Stack exchange is broken.

The question mixes up uniform distribution and randomness, but the answers are factual. There's little to no opinion involved here.

Give the system time to work. It's already been taken off hold.

No! A question got closed! The whole thing must be broken!

Hyperbole sometimes helps to get the point across...

The problem with Stack exchange is that it conflates heavy site usage with domain experience and maturity.

Avidity for imaginary internet points and maturity are at best orthogonal.

As a general rule across the web, I'd agree with you. Although, I feel like on StackExcahge (or at least SO) those with the highest scores typically gave good answers in their domain as judged by their community and would not commonly give any answers outside their domain that could be voted up simply based on user rep alone.

I don't really have any hard data on this, it's opinion based on seeing extremely good answers from high rep people regularly, and not being able to recall seeing poor answers from high rep users voted highly when they aren't actually useful.

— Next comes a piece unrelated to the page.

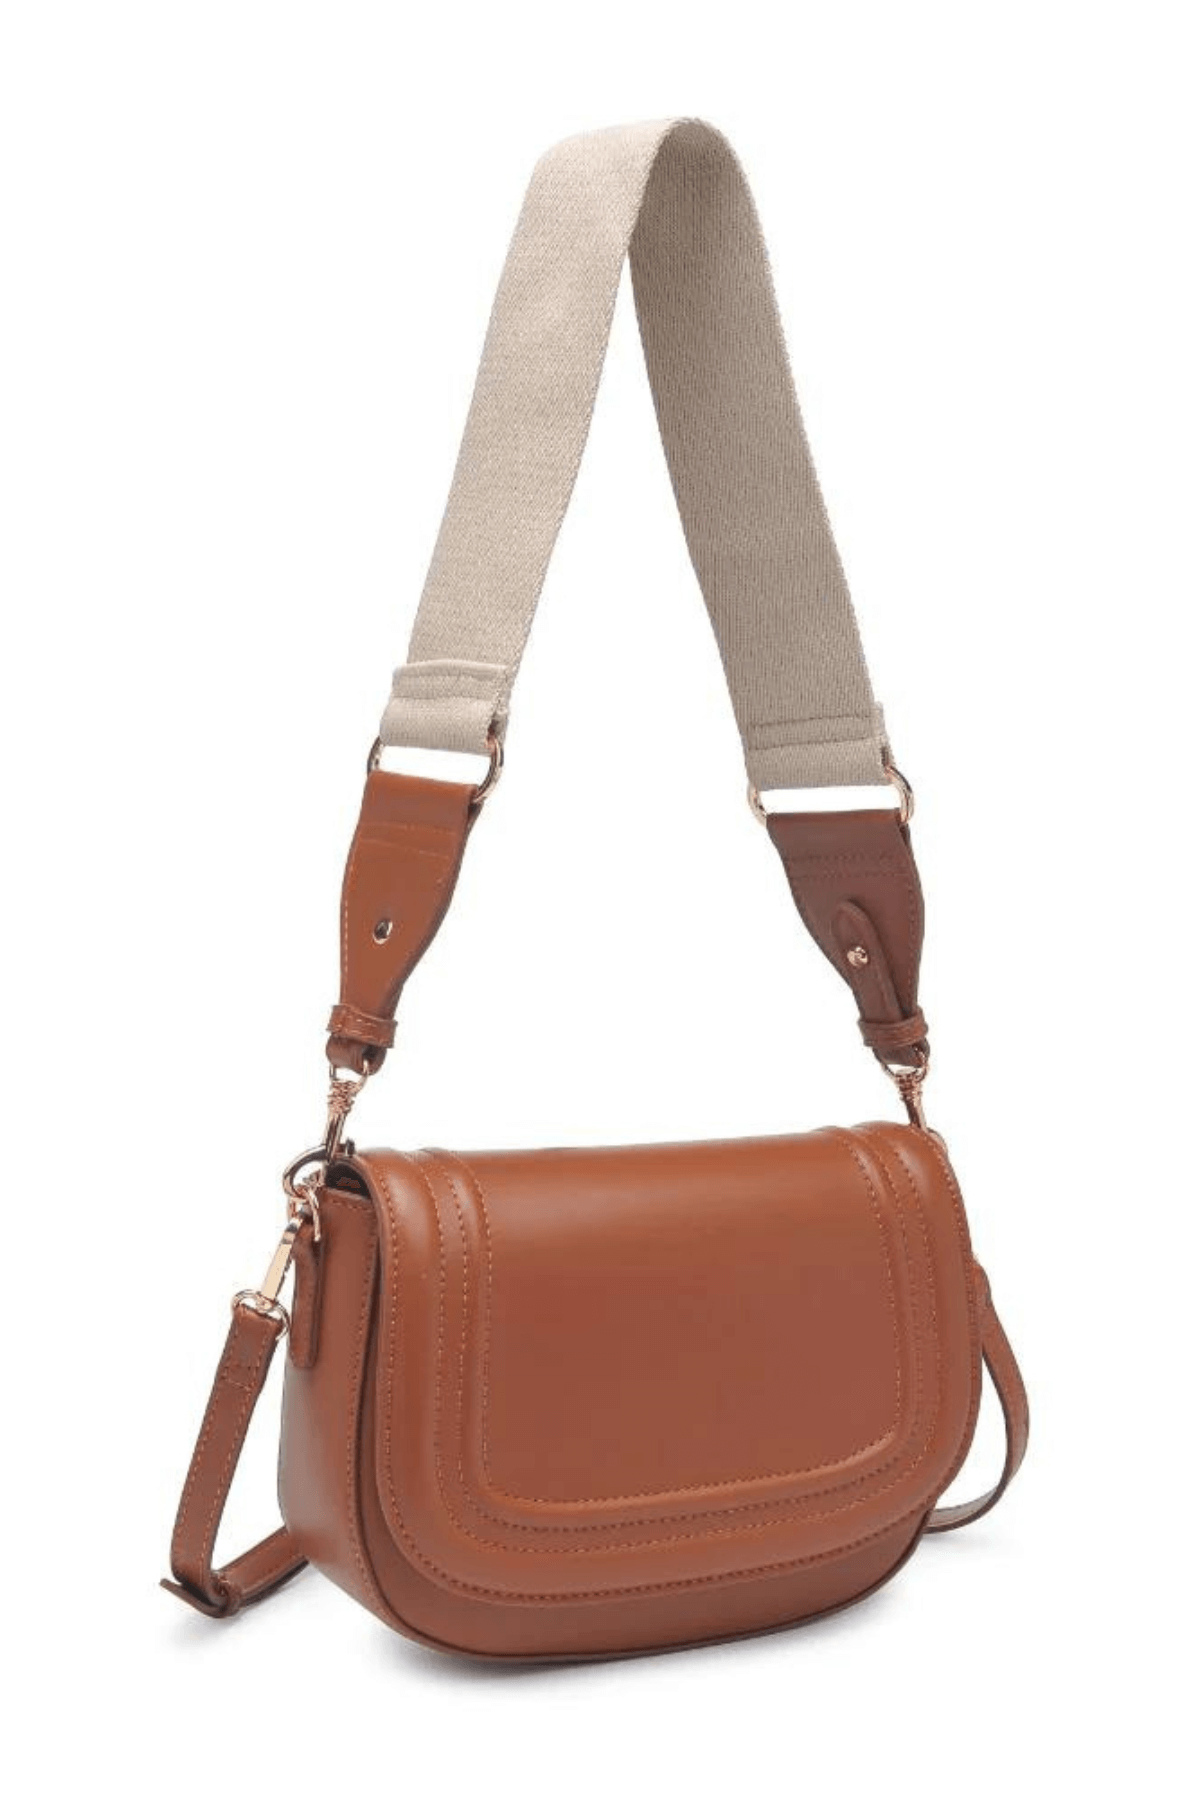 Moda Luxe Poshette Bag

Excellent point, and well phrased.

Still, I find the whole stack exchange system to be incredibly useful, including the original post.

(Edit: And it looks like you do, too, since you point out the information is factual.)

I've been running a virtual dice roller site for pen & paper roleplayers for about ten years. I get these kinds of emails all the time. "Your RNG is faulty, I just rolled three 20s in a row!" and stuff like that.

It's probably not fixable psychologically, we're just seeing patterns everywhere. This also happens with physical dice by the way. If a player rolled two or more abysmal results in a row it's common to say "hey, you should really swap out these dice".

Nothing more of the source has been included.